The İstanbul Municipality has filed criminal complaints against three politicians from the ruling Justice and Development Party (AKP) who went overseas on scholarships from the municipality while it was run by the AKP, the Sözcü daily reported on Wednesday.
The three AKP politicians in question are İstanbul women’s branch president Rabia İlhan Kalender and lawmakers Fatma Betül Sayan Kaya and Ravza Kavakçı Kan.
A report drafted by a municipal commission has found that the three women were hired by the municipality in the 2000s and went abroad to study after working for a short period at the municipality or not working at all. The report said a municipal guideline on scholarships was violated and that the municipality suffered a financial loss. The municipality paid around 130,000 euros for Kalender and $70,000 for Kaya, who is also a former minister, and more than $160,000 to Kan.
Ekrem İmamoğlu from the main opposition Republican People’s Party ended the years-long rule of the AKP in İstanbul by twice defeating the party’s candidate for mayor in the 2019 local elections and has been revealing documents detailing illegal spending and irregularities in the municipality during the AKP’s time running the city.
The municipality filed the complaints against the three politicians at the Bakırköy Courthouse in İstanbul and demanded that they pay back the scholarships they were given.

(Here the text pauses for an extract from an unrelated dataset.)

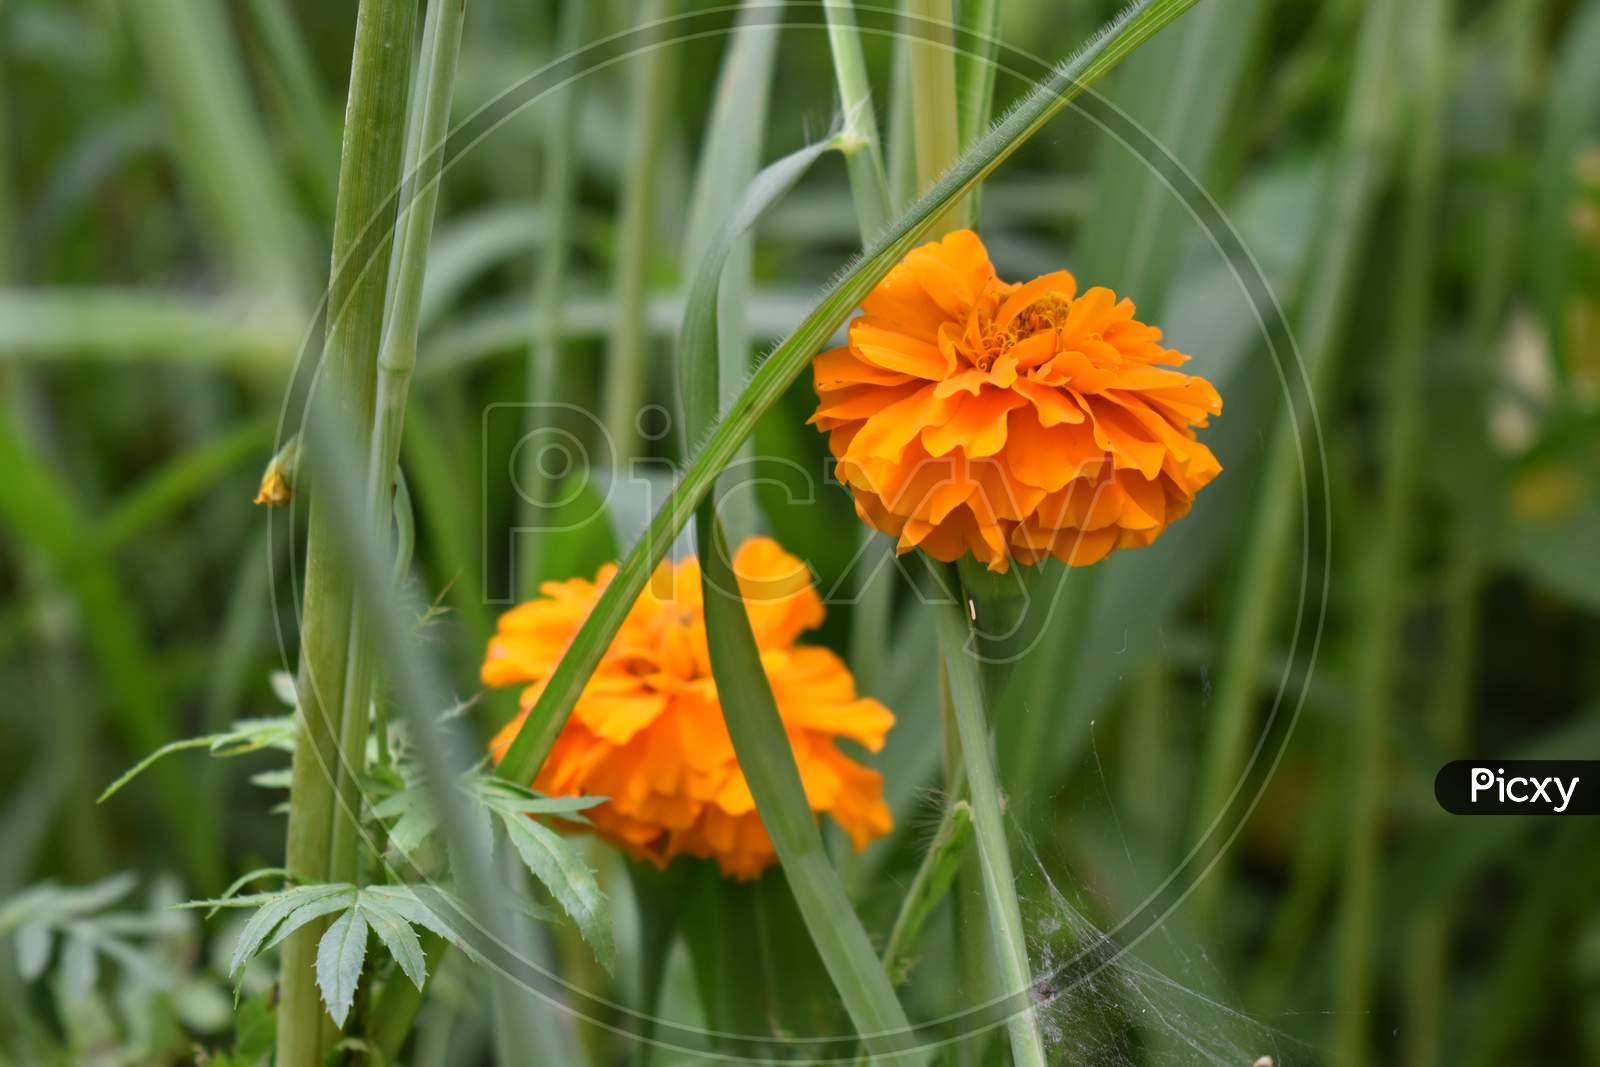 Orange Marigold flower surrounded by grass

The Cumhuriyet daily was the first to bring the case of Kan to public attention in 2019, reporting that on the day she was recruited by the İstanbul Municipality in 2008, she went to the US to work on a Ph.D. on a scholarship from the municipality.
According to the report, Kan was recruited as a human resources specialist at Metro A.Ş., a subsidiary of the municipality, on Dec. 16, 2008. On the day, she was employed, Kan travelled to the US to study for a Ph.D. in political science on a scholarship from the municipality.

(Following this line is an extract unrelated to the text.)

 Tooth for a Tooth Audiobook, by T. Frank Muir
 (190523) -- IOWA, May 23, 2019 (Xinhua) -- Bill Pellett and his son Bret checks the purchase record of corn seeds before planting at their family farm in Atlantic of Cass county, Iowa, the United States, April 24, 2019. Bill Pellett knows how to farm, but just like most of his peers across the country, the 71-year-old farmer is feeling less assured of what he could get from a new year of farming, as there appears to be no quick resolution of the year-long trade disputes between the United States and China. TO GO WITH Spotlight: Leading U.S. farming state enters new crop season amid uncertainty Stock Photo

İstanbul Mayor İmamoğlu said he finds it difficult to understand why Metro A.Ş., which works on transportation, provided a five-year scholarship to one of its employees so that she could get a Ph.D. in political science in the US.

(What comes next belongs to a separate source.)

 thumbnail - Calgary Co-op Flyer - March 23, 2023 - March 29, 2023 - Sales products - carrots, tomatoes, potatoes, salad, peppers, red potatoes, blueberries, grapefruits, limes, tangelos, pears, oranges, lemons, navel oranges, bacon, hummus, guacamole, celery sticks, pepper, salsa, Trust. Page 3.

İmamoğlu also said Kan did not perform the compulsory work at the municipality, required for four years, 11 months in return for using the municipality’s resources.
Kan returned from the US in September 2013 and was elected to parliament in 2015 and 2018. During her five years of doctoral work in the US, Kan was paid a monthly stipend of one-and-a-half times the minimum wage in Turkey.